(WHAT THIS TASK INVOLVES) Reproduce only the lines that run from the line with "Jardin suspendu au printemps dans Paris" to the last line of the material, both ends included, exactly as they appear.

(SUPPLIED INFORMATION)

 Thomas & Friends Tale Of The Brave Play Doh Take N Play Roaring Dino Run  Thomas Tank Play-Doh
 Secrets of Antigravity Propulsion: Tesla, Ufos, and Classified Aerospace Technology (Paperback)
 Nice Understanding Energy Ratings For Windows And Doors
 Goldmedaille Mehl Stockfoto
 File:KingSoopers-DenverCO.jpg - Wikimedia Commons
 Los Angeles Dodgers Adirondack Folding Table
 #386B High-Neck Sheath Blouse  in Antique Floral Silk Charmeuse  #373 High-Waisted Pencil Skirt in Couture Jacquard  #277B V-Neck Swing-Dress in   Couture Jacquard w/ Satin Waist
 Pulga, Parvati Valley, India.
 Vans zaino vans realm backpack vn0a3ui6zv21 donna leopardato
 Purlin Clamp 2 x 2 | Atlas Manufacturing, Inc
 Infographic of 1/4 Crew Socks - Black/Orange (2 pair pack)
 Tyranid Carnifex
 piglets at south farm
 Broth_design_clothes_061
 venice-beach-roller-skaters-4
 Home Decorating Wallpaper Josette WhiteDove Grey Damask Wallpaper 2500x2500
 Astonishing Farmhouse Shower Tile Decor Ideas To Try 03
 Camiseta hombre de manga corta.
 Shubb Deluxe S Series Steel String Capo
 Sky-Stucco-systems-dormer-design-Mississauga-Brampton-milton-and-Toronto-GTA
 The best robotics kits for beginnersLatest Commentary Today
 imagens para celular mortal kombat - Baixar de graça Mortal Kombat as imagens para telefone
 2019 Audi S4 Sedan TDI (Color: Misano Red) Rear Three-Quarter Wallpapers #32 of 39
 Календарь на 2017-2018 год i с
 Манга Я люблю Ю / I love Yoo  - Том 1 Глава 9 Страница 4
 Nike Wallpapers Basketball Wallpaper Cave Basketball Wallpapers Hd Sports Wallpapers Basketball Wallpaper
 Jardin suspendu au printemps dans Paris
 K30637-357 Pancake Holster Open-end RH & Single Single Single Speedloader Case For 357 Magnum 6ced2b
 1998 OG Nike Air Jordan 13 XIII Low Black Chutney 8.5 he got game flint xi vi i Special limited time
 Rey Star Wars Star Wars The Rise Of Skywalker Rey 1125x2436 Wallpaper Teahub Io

(EXERCISE RESPONSE)
 Jardin suspendu au printemps dans Paris
 K30637-357 Pancake Holster Open-end RH & Single Single Single Speedloader Case For 357 Magnum 6ced2b
 1998 OG Nike Air Jordan 13 XIII Low Black Chutney 8.5 he got game flint xi vi i Special limited time
 Rey Star Wars Star Wars The Rise Of Skywalker Rey 1125x2436 Wallpaper Teahub Io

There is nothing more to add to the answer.